If you’re not interested in macro, go ahead and skip this one. I am by no means an expert in macroeconomic policy, but I do try and consume a wide variety of macro literature. Recently, we’ve seen the rise of MMT or “Modern Monetary Theory”. At its core, MMT advances the idea that since the government has a monopoly on currency creation, the government can create as much money as it needs to in order to achieve policy goals such as full employment, so long as the government doesn’t become insolvent. In other words, MMT advocates would say that in a period of economic recession or slowdown, the government can inject cash into the economy via direct purchases of goods and services, and is ultimately only limited in this respect by rising inflation.
I would like to point out that MMT appears to be a reaction to a unique macroeconomic environment we have found ourselves in since the great recession of 2008-2009. According to macroeconomic precepts from schools like Neo Keynesianism, our record low unemployment rate we are experiencing should be a strong driver of inflation. This has economists from all walks of life extremely vexed. Why, in an era of record low unemployment and an empirically strong economy, are we not seeing “normal” levels of inflation associated with that environment? Well, MMT advocates are in part claiming that perhaps those two factors were not all that strong of a driver of inflation after all. In fact, perhaps the government has been handicapping itself all these years by not increasing the money supply aggressively in periods of economic downturn, or even periods in which we could stand to lower the unemployment rate.
The question of why inflation hasn’t risen in recent years is a valid question which ultimately impacts every American. Despite low unemployment and a strong securities market, the Federal Reserve continues to struggle with the choice of whether or not to raise interest rates, an orthodox action in a thriving market. The Fed raises interest rates in the rapidly expanding economy to ward off, you guessed it, inflation. If inflation is plodding along, what need is there to raise interest rates?

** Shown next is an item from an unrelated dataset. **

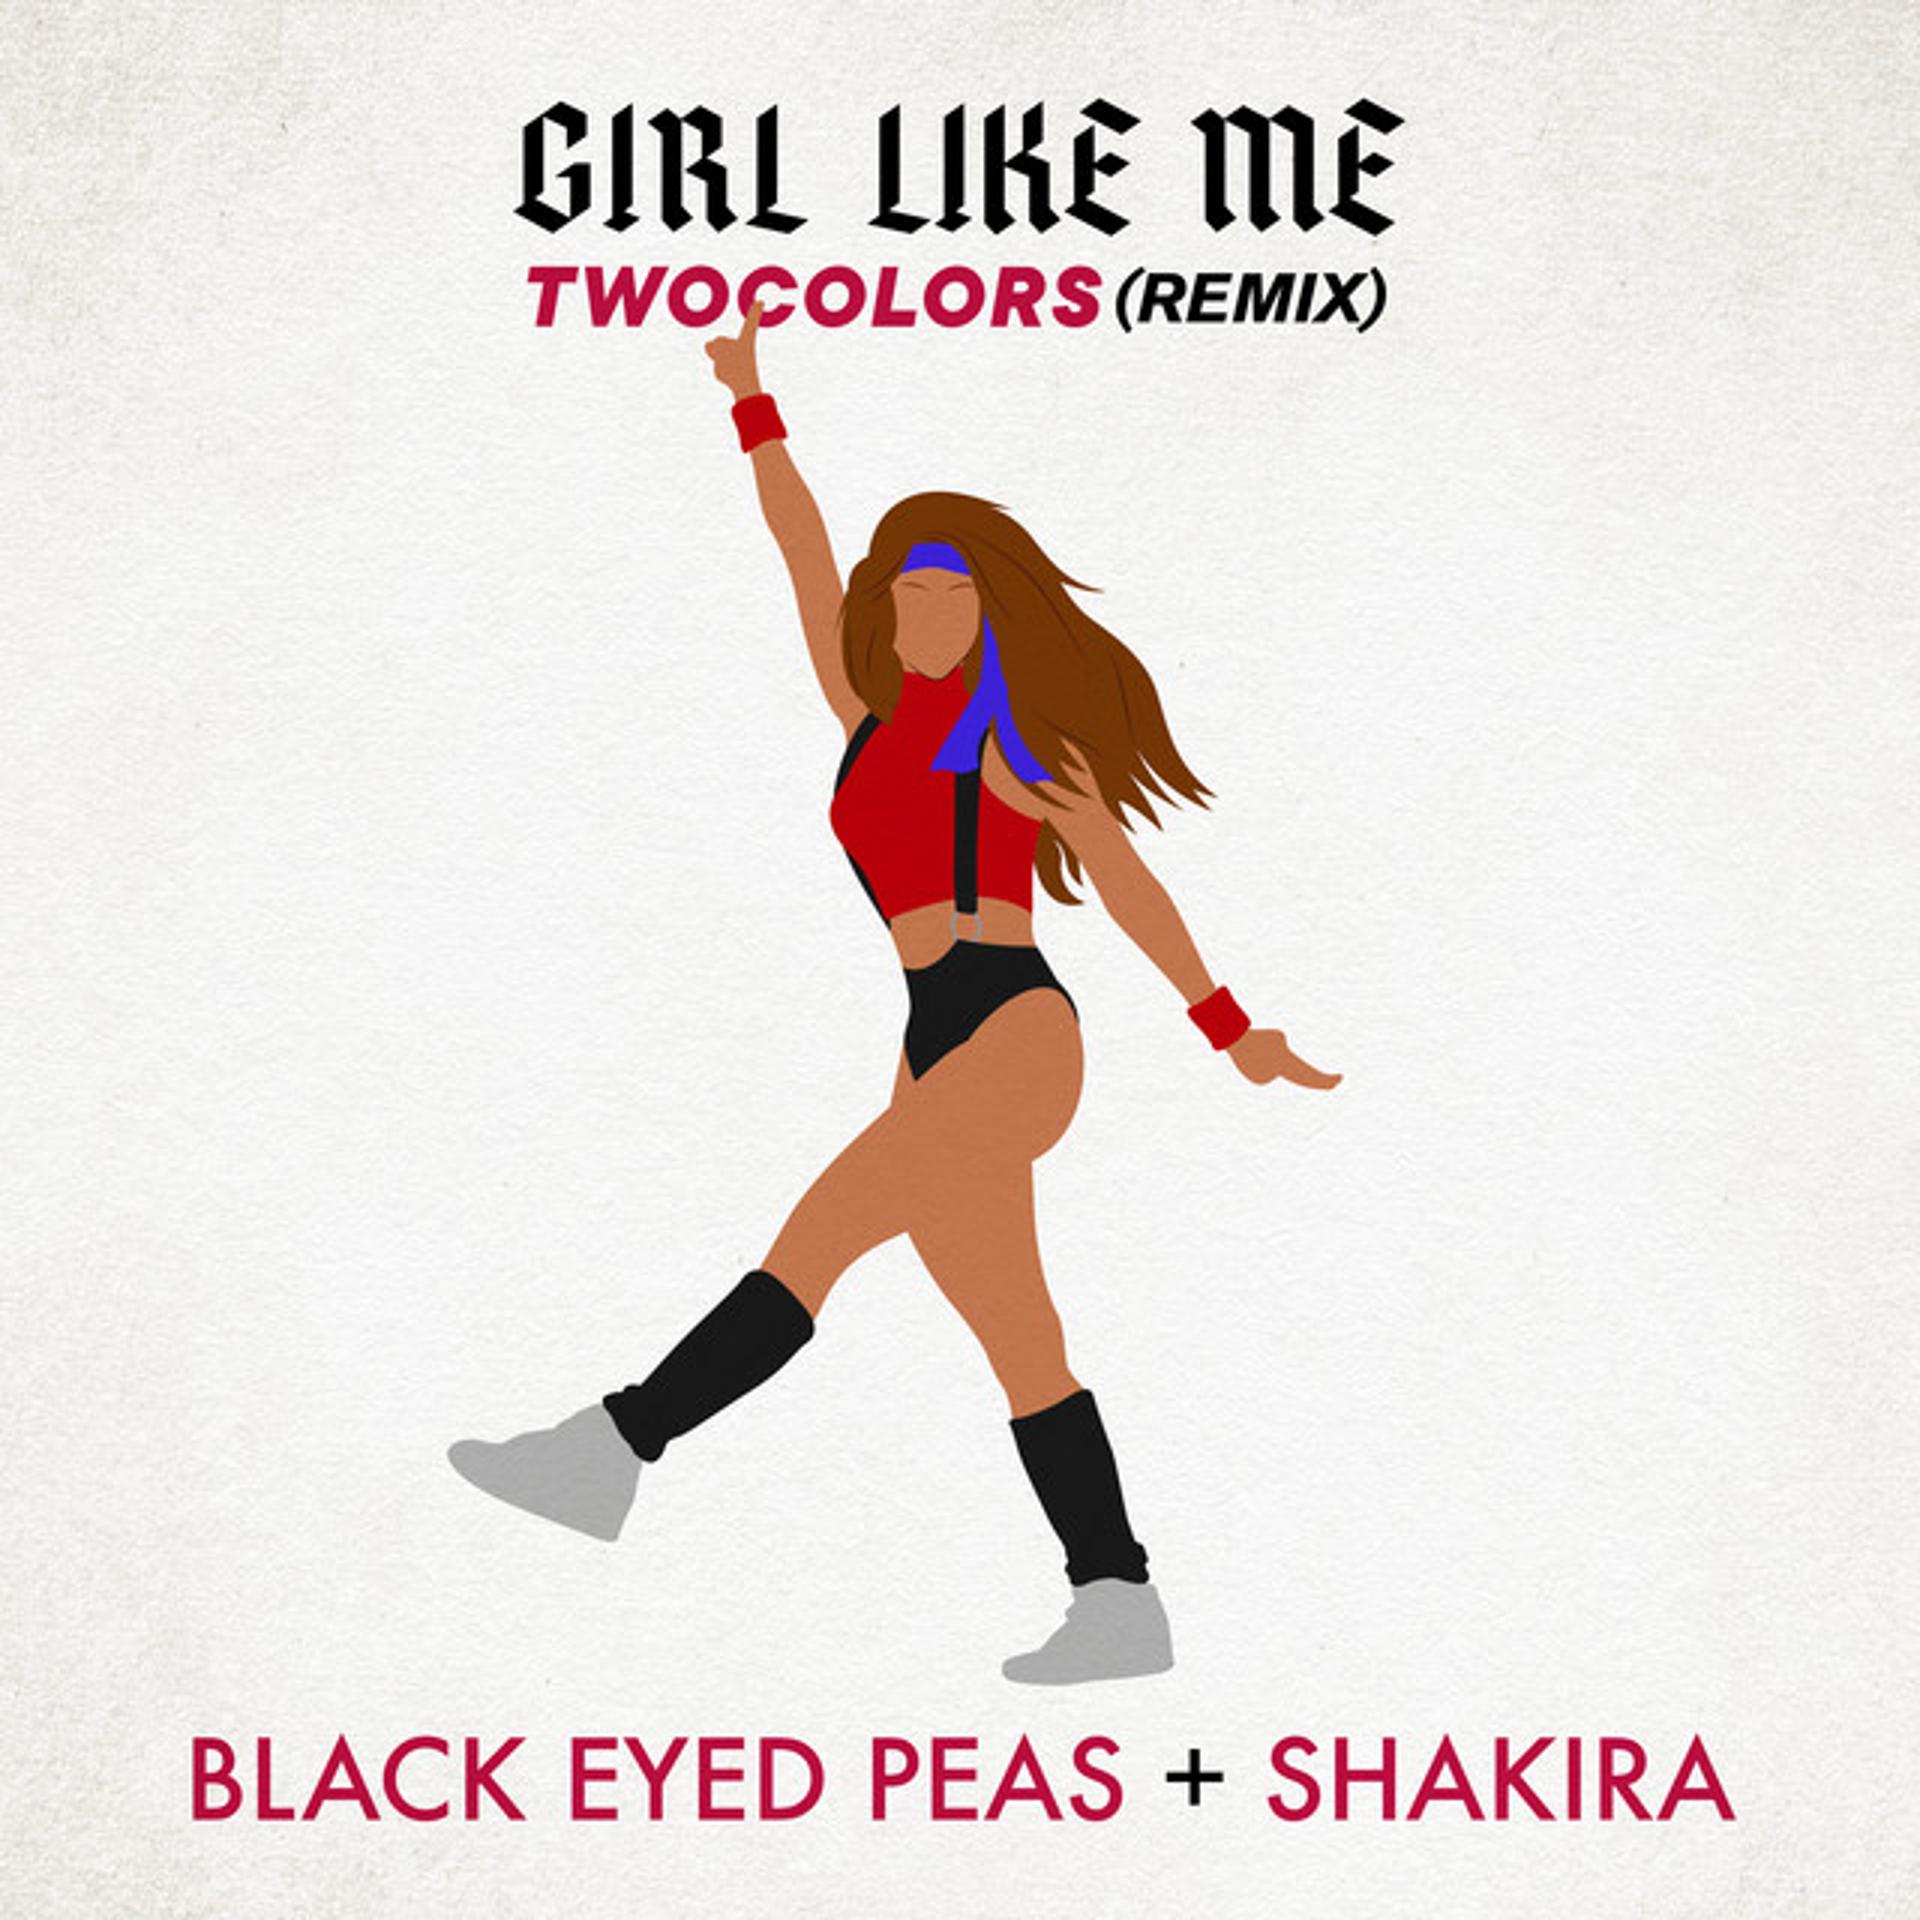 Black eyed Peas, Shakira - girl like me. Black eyed Peas, Shakira & TWOCOLORS. Black eyed Peas girl. I like pretty like a girl

My immediate instinct is to look to wage growth as an explanatory factor. I won’t go so far as to say I’m a staunch proponent of the Labor Theory of Value, but I do think its tenets merit consideration in this conversation. Basically the Labor Theory of Value says that things are valued not by the utility, or the value derived from the consumer which owns or purchases the product, but rather by the value of the labor required to produce it.Where this comes into this conversation is this: If wages are suppressed or stagnant, and prices are contingent on the value of the labor, prices will accordingly remain suppressed. Ergo, suppressed prices hold down inflation. Could it be that because wages have not recovered from the recession that it is also causing downward pressure on inflation?